Long story short, if I break up a PHP script into tiny chunks, I can eventually get all of my code to run. However, I’ve got a script right now which reads a huge CSV file and inserts each row into a MySQL database. Rather than having to go through the onerous process of splitting up the file every time I want to update my site, I just want to get this script to work the way I know it should.
I’ve gotten it to insert around 10,000 rows before on a different web server, but there are at least 7 times that in the file, and it craps out before it’s done.
So, the story is, on one server it stops before it’s supposed to, and on another it doesn’t run at all… it just chugs its way to a 500 error after about 30 seconds.
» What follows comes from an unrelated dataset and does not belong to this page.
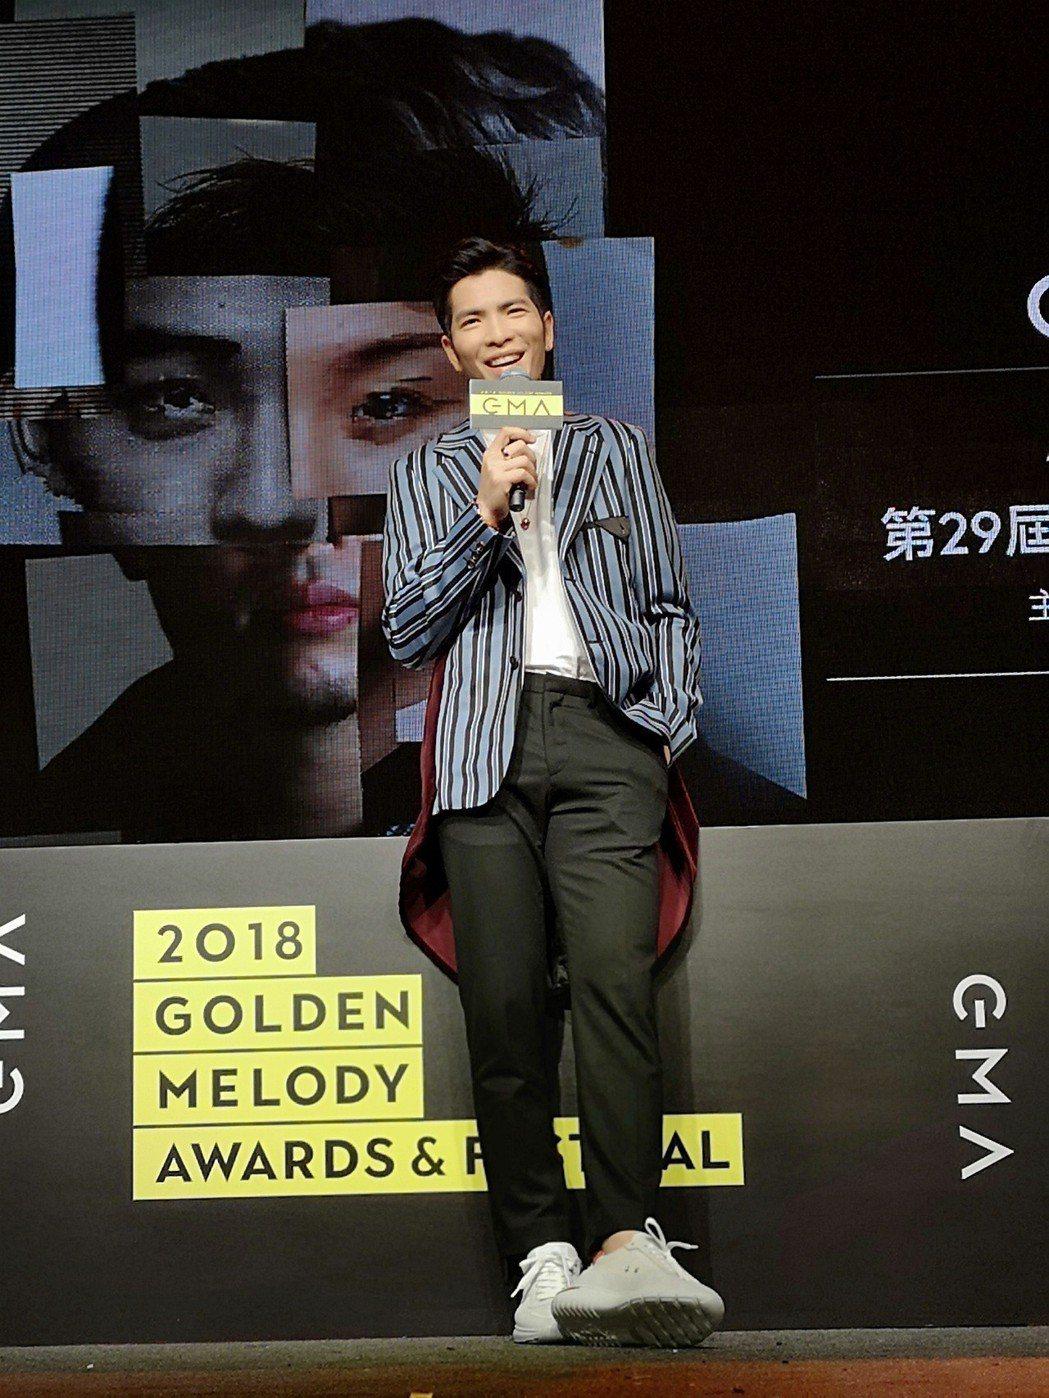 第29屆金曲獎頒獎典禮主持人人選,今天宣布由蕭敬騰擔任。記者邱德祥/攝影
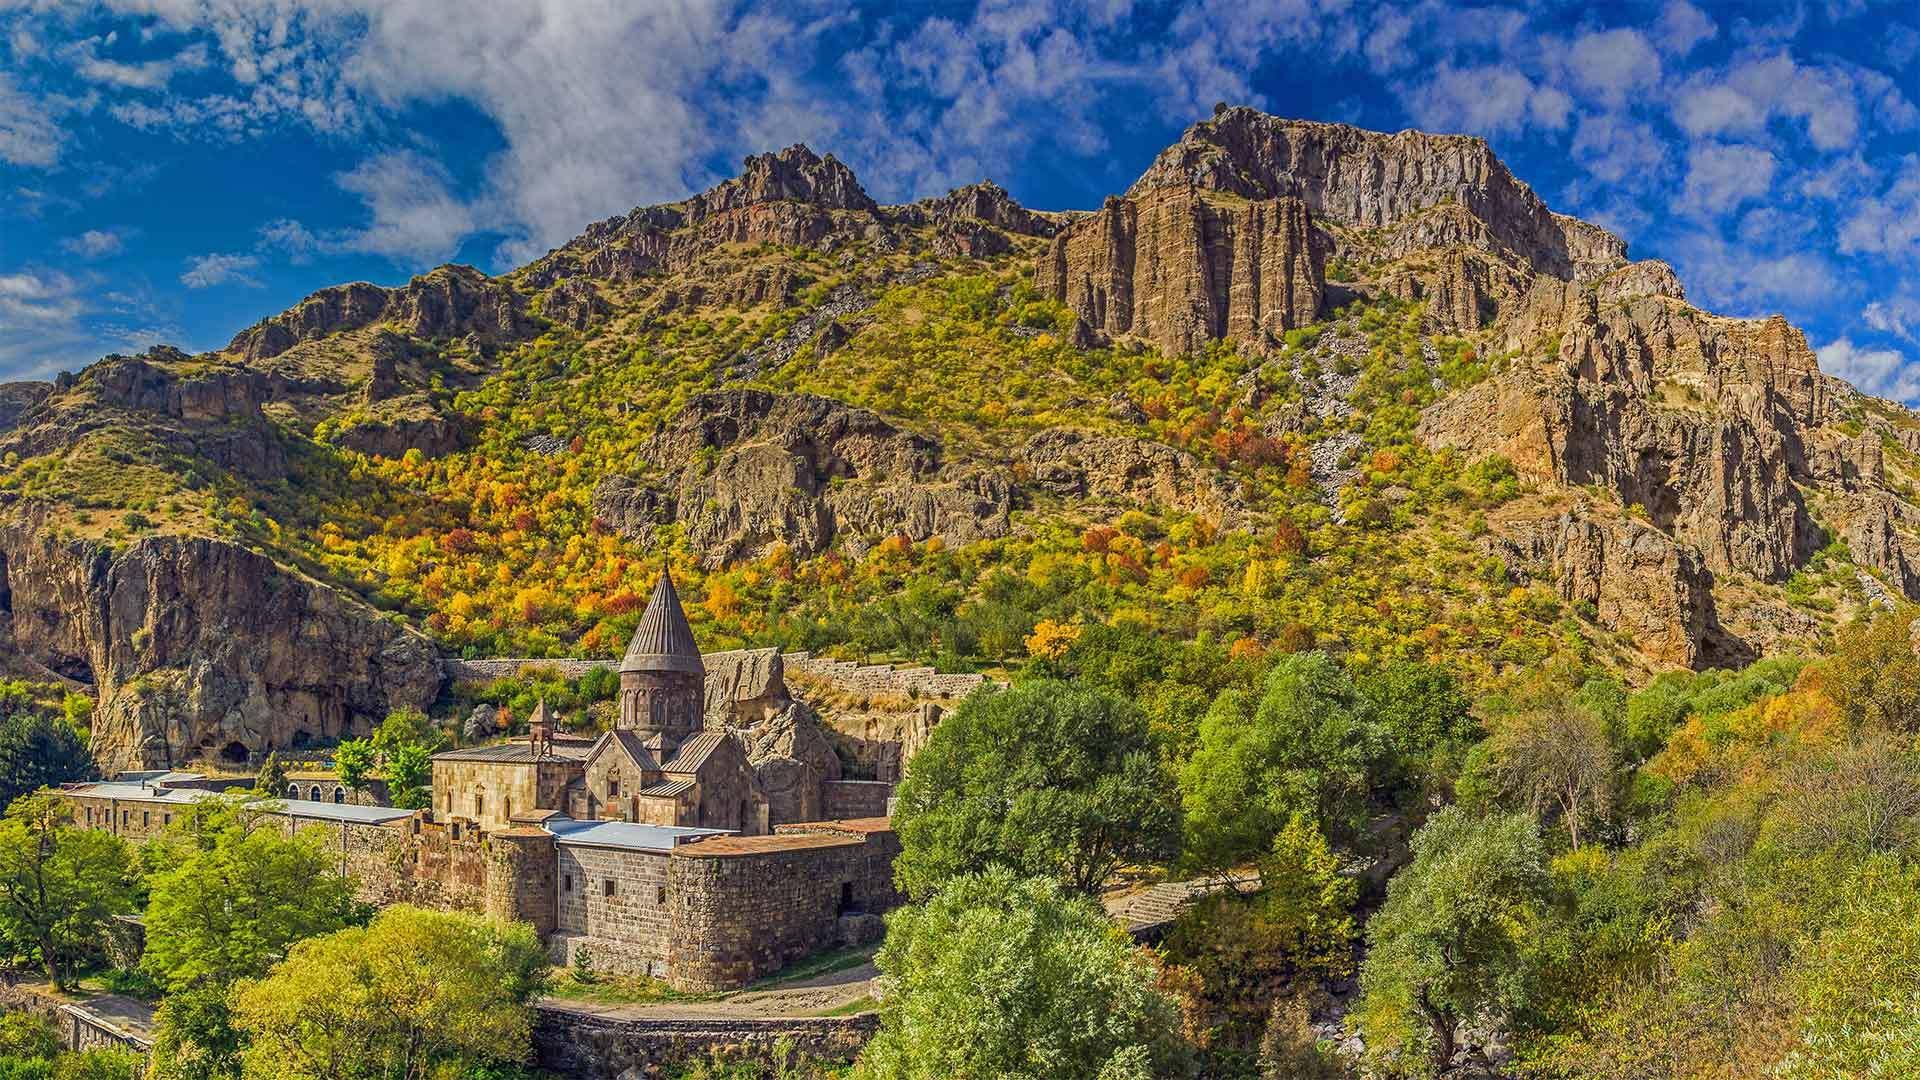 格加尔德修道院格加尔德修道院

The Apache error log gives me these lines when the script dies:
[Tue Aug 23 13:09:04 2011] [warn] [client 71.168.85.72] mod_fcgid: read data timeout in 40 seconds
[Tue Aug 23 13:09:04 2011] [error] [client 71.168.85.72] Premature end of script headers: newcsvupdater.php
I’ve got these two lines going at the top of the script:
set_time_limit(0);
ini_set('memory_limit','256M');
because previously I was having a fatal memory allocation error, because apparently splitting a large file up into arrays is memory-intensive.
Here’s the insertion code:
$file = "./bigdumbfile.csv"; // roughly 30mb
$handle = fopen($file, r);
$firstentry = 0;
while($csv = fgetcsv($handle))
{
if($firstentry == 0)
{
$firstentry++; // skips the top row of field names
}
else
{
// unimportant conditional code omitted
$checkforexisting = mysql_query("SELECT * FROM DB_TABLE WHERE ".
"id_one = '".$csv[0]."' AND id_two = '".$csv[2]."'");
$checknum = mysql_num_rows($checkforexisting);
if($checknum == 0)
{
if(!mysql_query("INSERT INTO DB_TABLE ".
"(id_one, data_one, id_two, data_two, ".
/* so on for 22 total fields */")
VALUES ('".addslashes($csv[0])."', '".
addslashes($csv[1])."', '".
addslashes($csv[2])."', '".
addslashes($csv[3])."' "/* ditto, as above */))
{
exit("<br>" . mysql_error());
}
else
{
print_r($csv);
echo " insert complete<br><br>";
}
}
}
}
echo "<br><b>DB_TABLE UPDATED";
I’ve had to split up large tasks because of this before, and I’m pretty tired of it. I’m sure I’m doing plenty wrong, as I’m totally self-taught and generally write what amounts to spaghetti, so don’t hold back.
To increase the time limit for your script, you will need to edit the virtual host configuration for your site:
http://www.moe.co.uk/2009/08/17/php-running-under-mod_fcgid-read-data-timeout-in-40-seconds-on-plesk/
(mod_fcgid’s timeout is overriding PHP’s timeout)
To make your script faster (so you might not need to perform the above step, which might not be possible on shared hosting), try this:
Prepare all of the information to be inserted in advanced to do a bulk insert. The query should look something like this:
The IGNORE part should have the same effect of checking in advance if the record already exists (if it does, it just won’t be inserted and it will continue on to the next).